The Chicken-and-Egg Problem
Imagine being blindfolded and dropped into an unfamiliar room. To make a map, you first need to know where you are. But to know where you are, you need a map. This is the central problem of mobile robotics — and the answer is SLAM, or Simultaneous Localisation and Mapping.
SLAM is what lets your Roborock S8 MaxV Ultra map your home on its first run, what allows a delivery robot to navigate a sidewalk, and what makes self-driving cars possible. Despite the intimidating name, the underlying idea is surprisingly intuitive.
The Core Loop
Every SLAM system, regardless of which sensors it uses, runs the same loop several times per second:
- Observe — Take a sensor reading of the surroundings.
- Predict — Estimate where the robot has moved since the last reading (using wheel encoders, gyroscopes, or visual cues).
- Match — Compare what the sensors see now with what they have seen before.

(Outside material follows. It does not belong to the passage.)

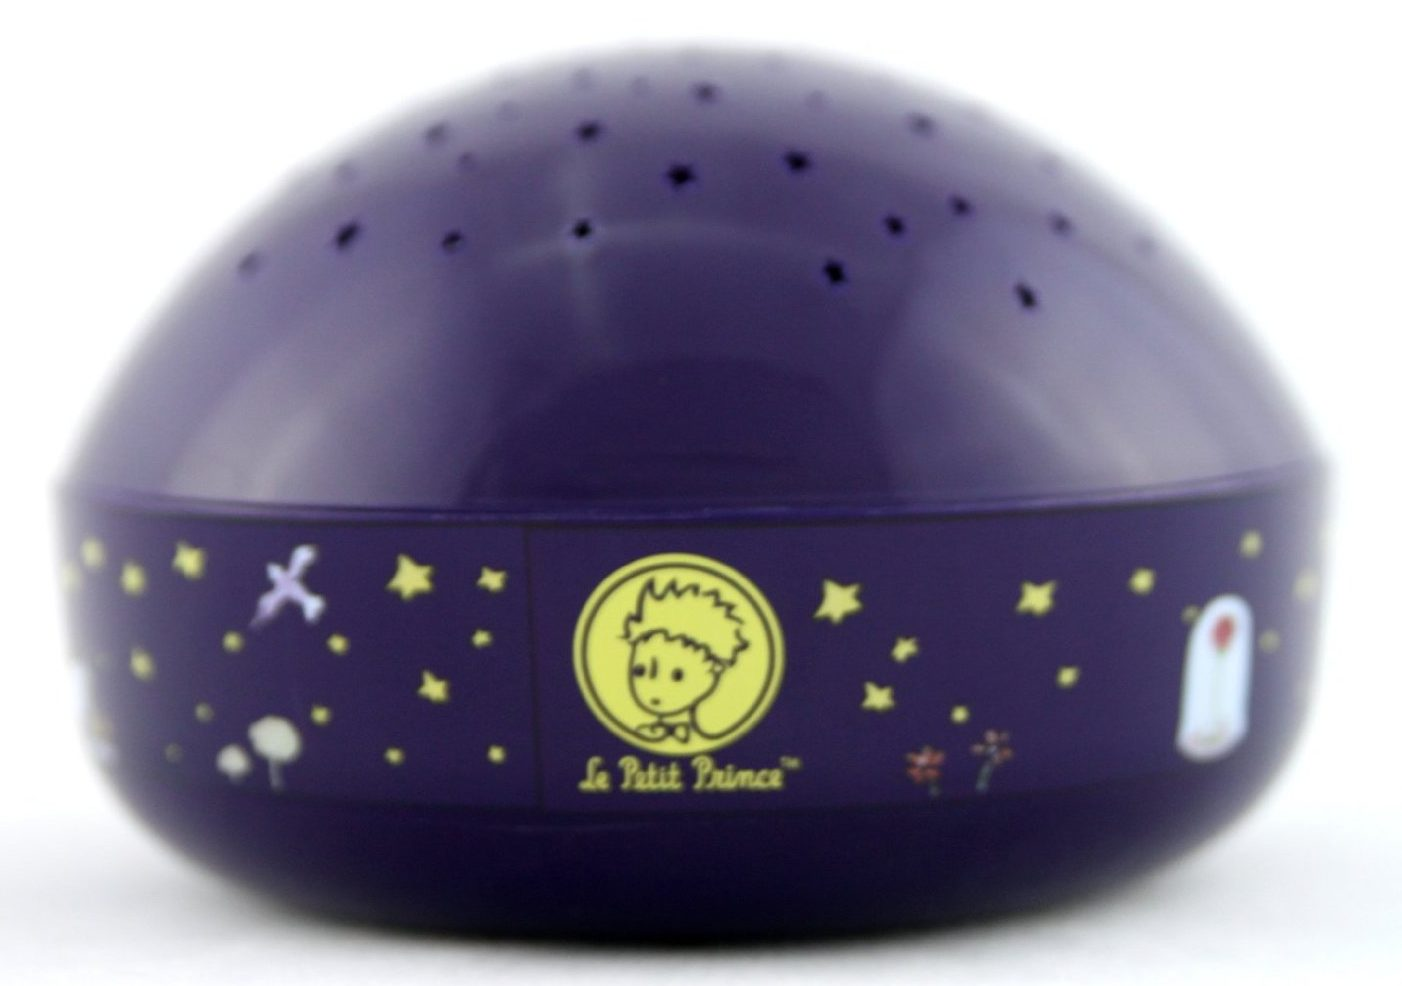 Le Petit Prince Star Projector

If the robot recognises a feature it has mapped earlier, it knows where it is on that map.
- Update — Adjust both the robot’s position estimate AND the map, using the new observation to make both more accurate.
That fourth step is the magic. Each new observation corrects errors in both the robot’s self-position AND its understanding of the world.
Two Main Flavours
Visual SLAM (vSLAM)
Visual SLAM uses one or more cameras to identify distinctive visual features — corners of furniture, doorways, picture frames — and track how they move between frames. As the robot moves, it triangulates the position of those features in 3D space.

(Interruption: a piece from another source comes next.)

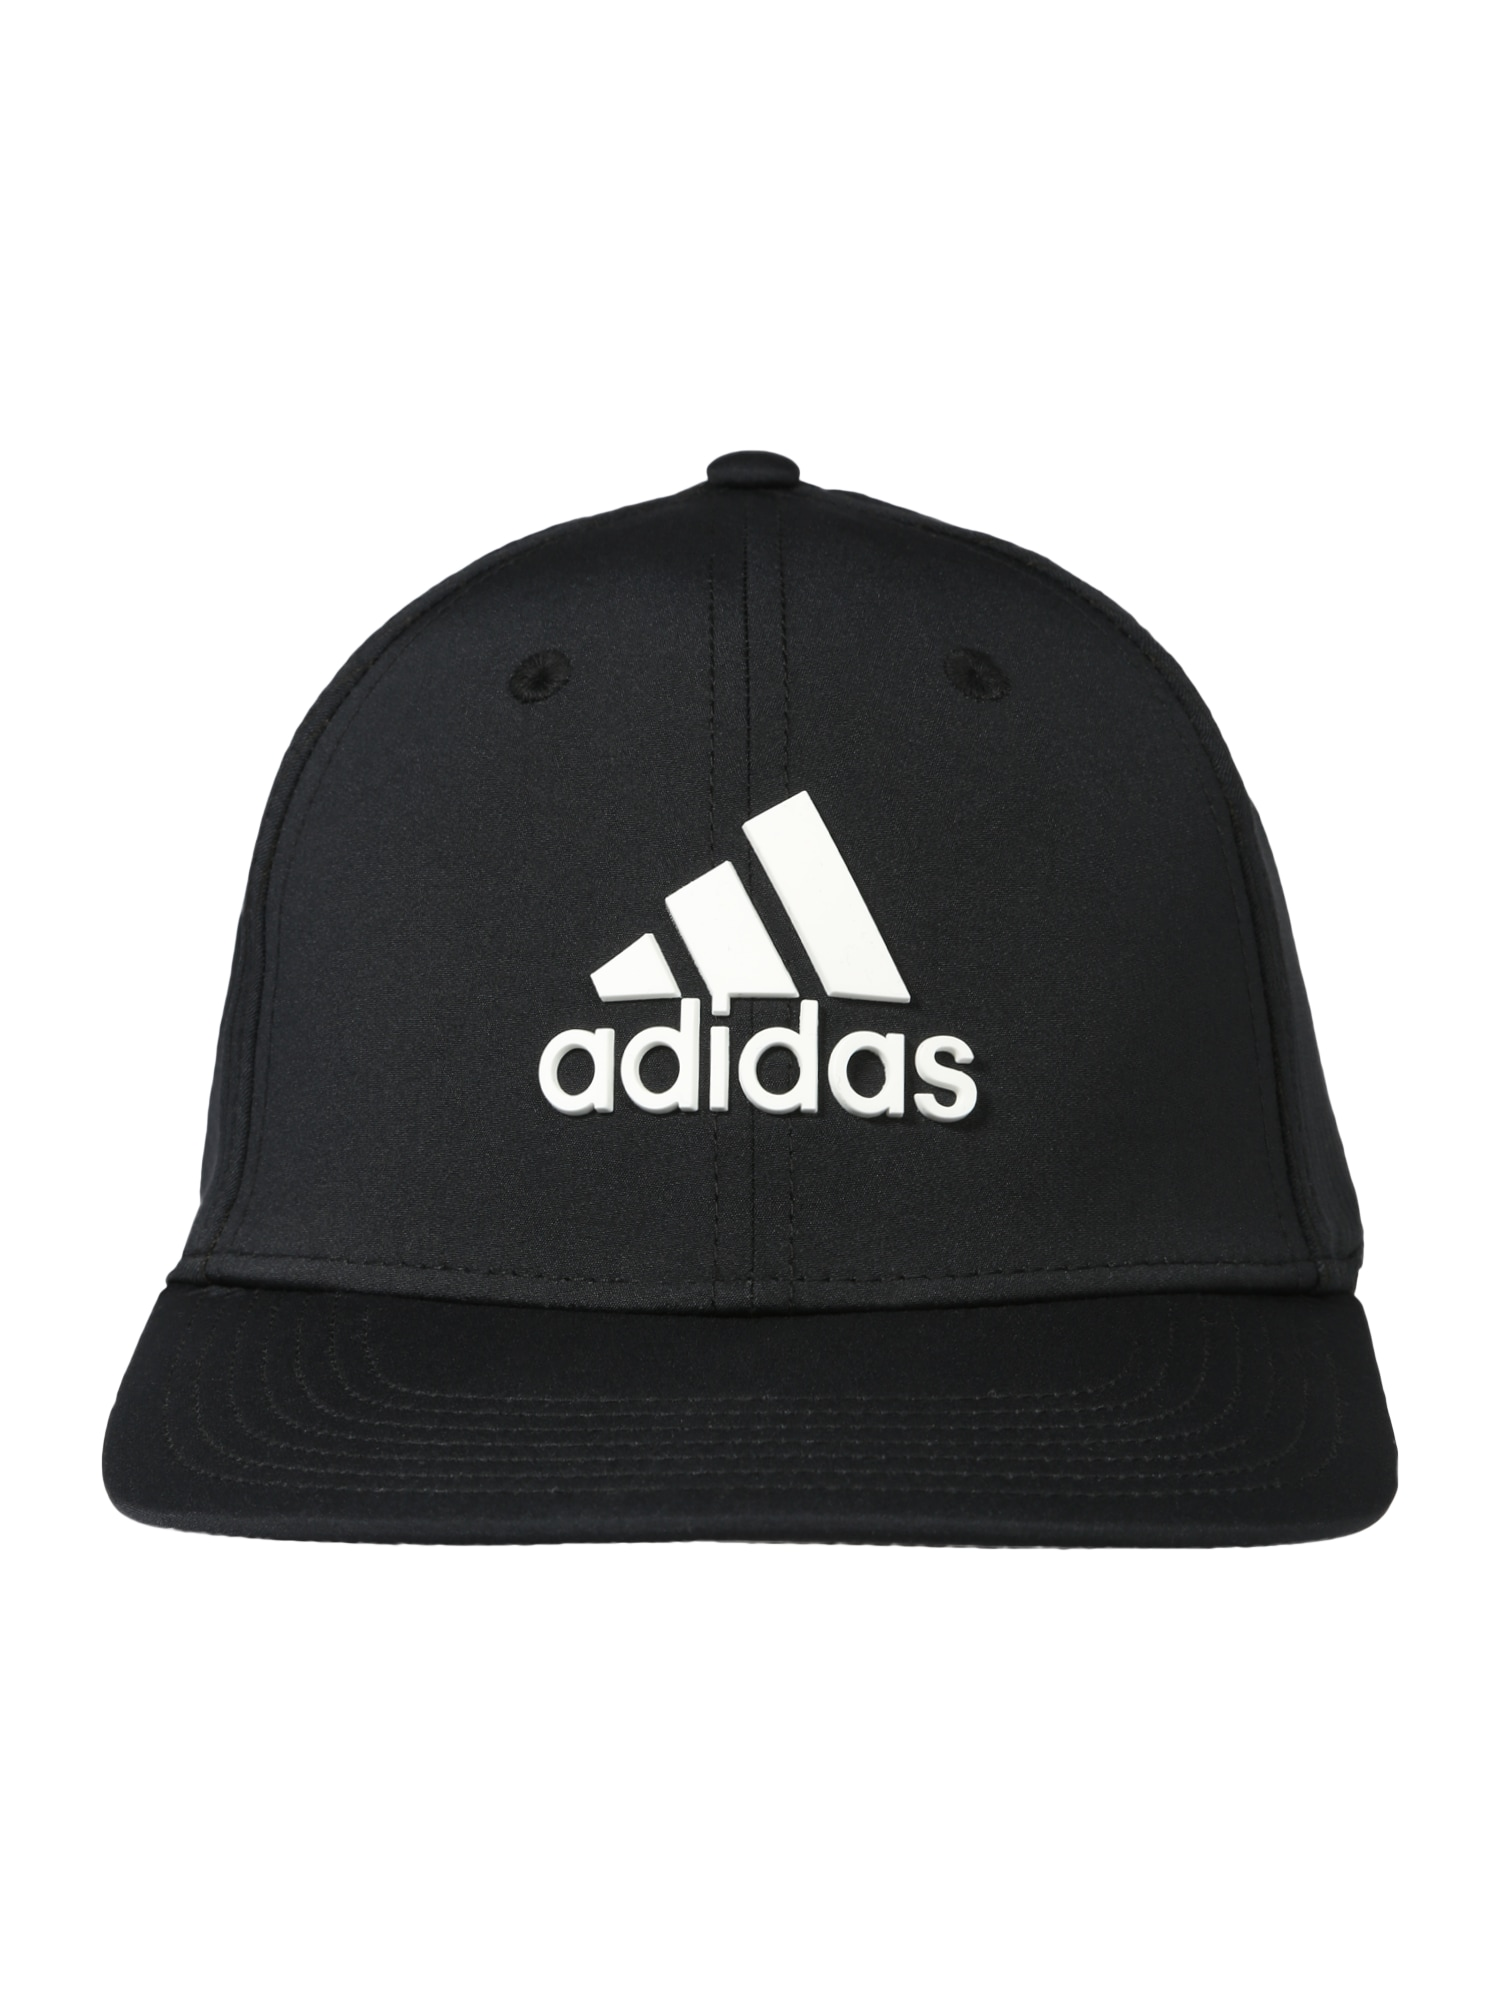 adidas Golf Sportovní kšiltovka 'Tour'  bílá / černá

vSLAM is cheap (cameras are commodity hardware) but struggles in low light, blank walls, and rapidly changing scenes. Most consumer robots use a hybrid approach to compensate.
LiDAR SLAM
LiDAR SLAM uses a spinning laser scanner to measure exact distances to surrounding surfaces. Each scan produces a point cloud — thousands of distance measurements forming a 2D or 3D outline of the room. SLAM algorithms match new point clouds against the existing map to localise the robot precisely. We go deeper on the differences in our companion piece: LiDAR vs Camera Navigation.
LiDAR is faster and more accurate than vision, especially in cluttered or dim environments. Premium robot vacuums like the Dreame L30 Ultra and the Narwal Freo X Ultra rely on LiDAR for centimetre-accurate mapping.
Why “Loop Closure” Matters
The hardest part of SLAM is recognising when you have returned to a place you have been before. This is called loop closure. Without it, small drift errors compound — your robot thinks the hallway is 8 metres long the first time and 9 metres the second time, and the map slowly distorts.
When SLAM detects a loop closure, it goes back and “stitches” the map together, redistributing the accumulated error along the path. Suddenly, the map snaps into a consistent, accurate shape.
Where SLAM Fails
Even the best SLAM has weaknesses. Long, featureless corridors give few landmarks to track. Glass walls confuse both lasers and cameras. Cluttered environments with constantly moving objects (people, pets, vehicles) can degrade map quality.
The next generation of robots increasingly fuses SLAM with semantic understanding — knowing that the object moving across the room is a person rather than a permanent feature — so the map remains stable even as the world changes.
The Bottom Line
SLAM is the foundational technology that turned mobile robots from research curiosities into mass-market products. Every time your robot vacuum efficiently covers your floor in neat rows, every time a delivery drone returns precisely to its launch pad — SLAM is the reason. It is one of the great engineering achievements of the last two decades, and the techniques are still evolving rapidly.